No doubt. I liked the Tiny Terror boosted with my BB preamp.


----------



## Adversor (Sep 8, 2011)

Sephael said:


> best sample that I've found showing what it is capable of




It sounds like shit!


----------



## warlock7strEMG (Sep 9, 2011)

i played the Dark Terror a few days ago. i really liked it!!! with the gain on like 6 and tone about 5 using an Ibanez RG(stock pickups) and then using LTD V with EMG's it sounded so damn heavy!!!! very modern high gain voicing with some low mid action goin on but still had that Orange warmth that we all love and come to expect. surprisingly smooth too!!! much smoother than the Tiny Terror. im find myself loving Orange amps more and more lately


----------



## Sephael (Sep 10, 2011)

got mine on order, just waiting for it to get in stock apparently.
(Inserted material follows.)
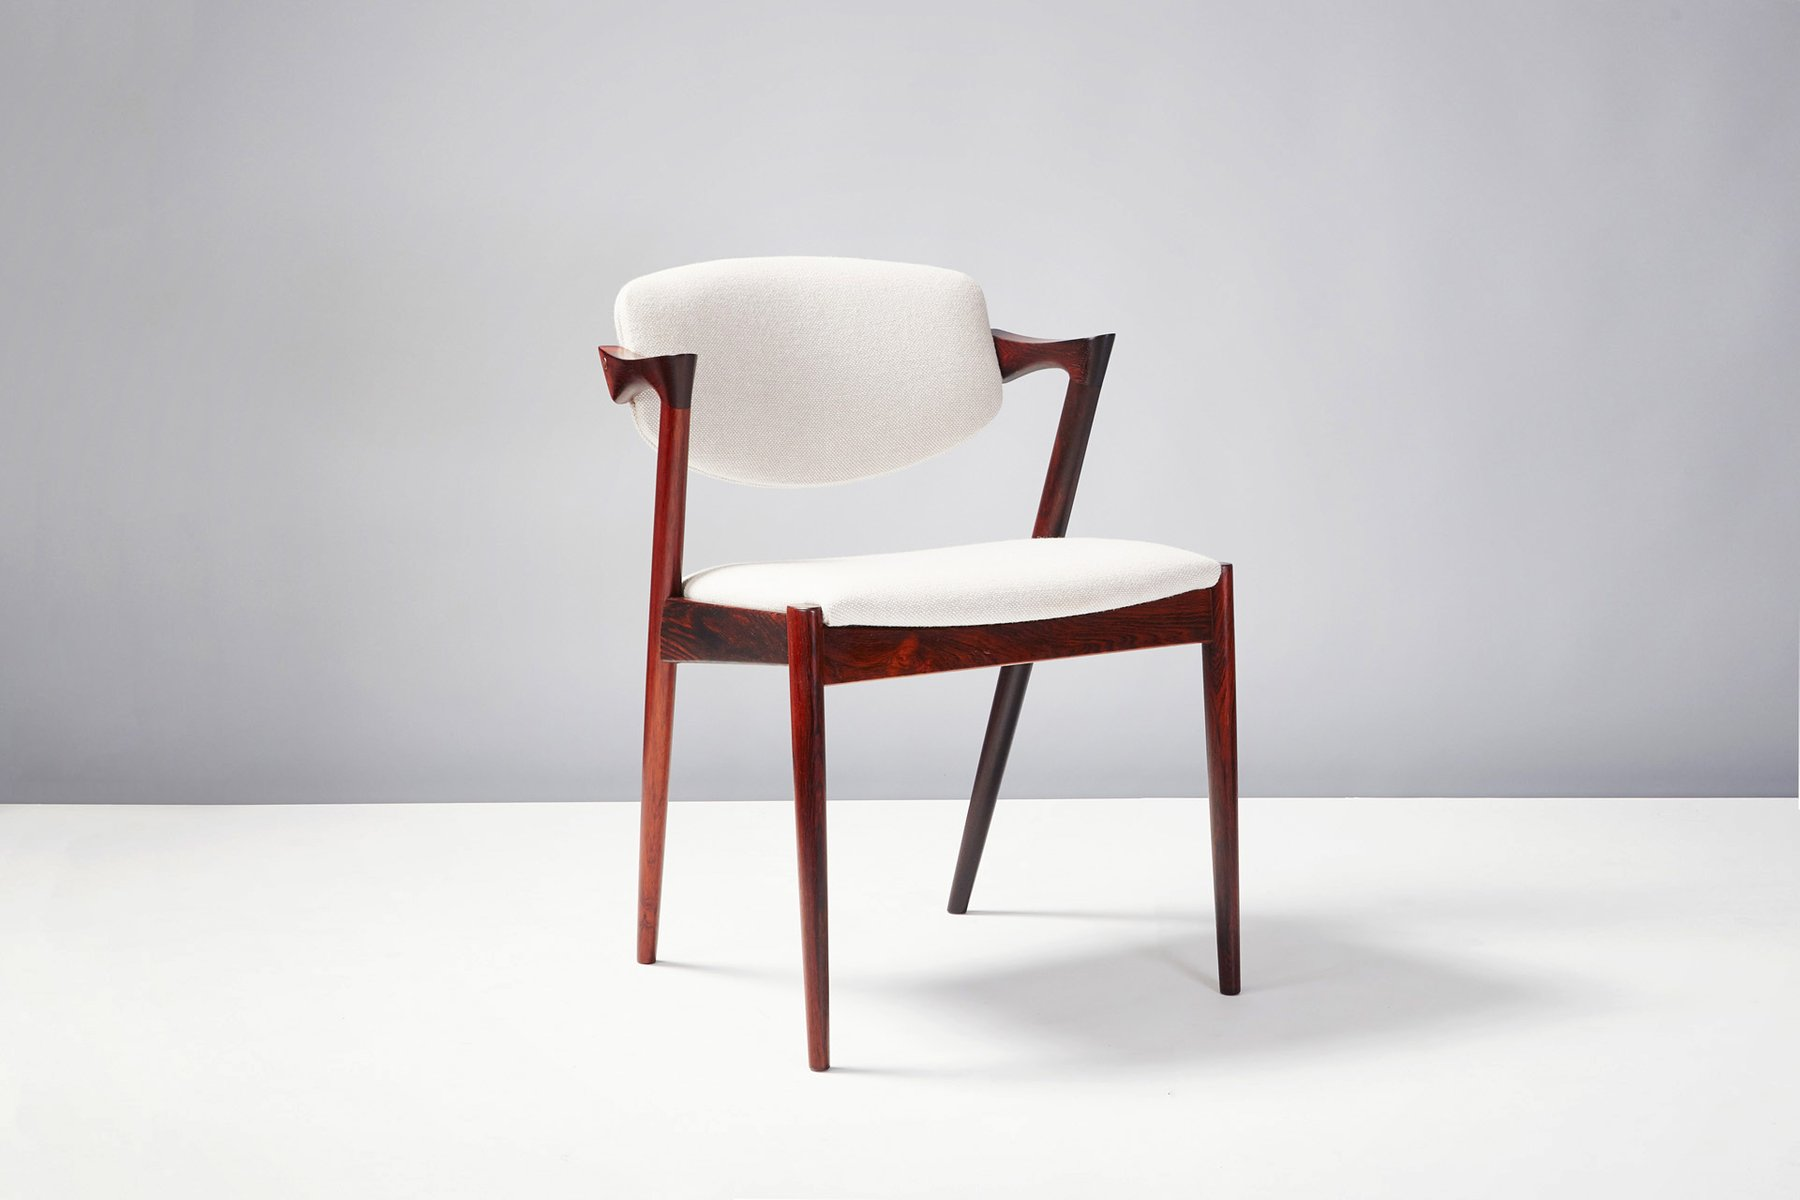 Model 42 Dining Chairs By Kai Kristiansen For Skovman Andersen, 1956, Set  Of 6

Some of the newer demo videos of it show how amazing and versatile it can sound.


----------



## KAMI (Sep 10, 2011)

well it's already out here in the UK


----------



## gilsontsang (Sep 12, 2011)

Tiny Terror with EFX loop, sweettt!


----------



## Sephael (Sep 12, 2011)

duel terror had fx loop didn't it? Just not sure if it was a tube driven loop or not


----------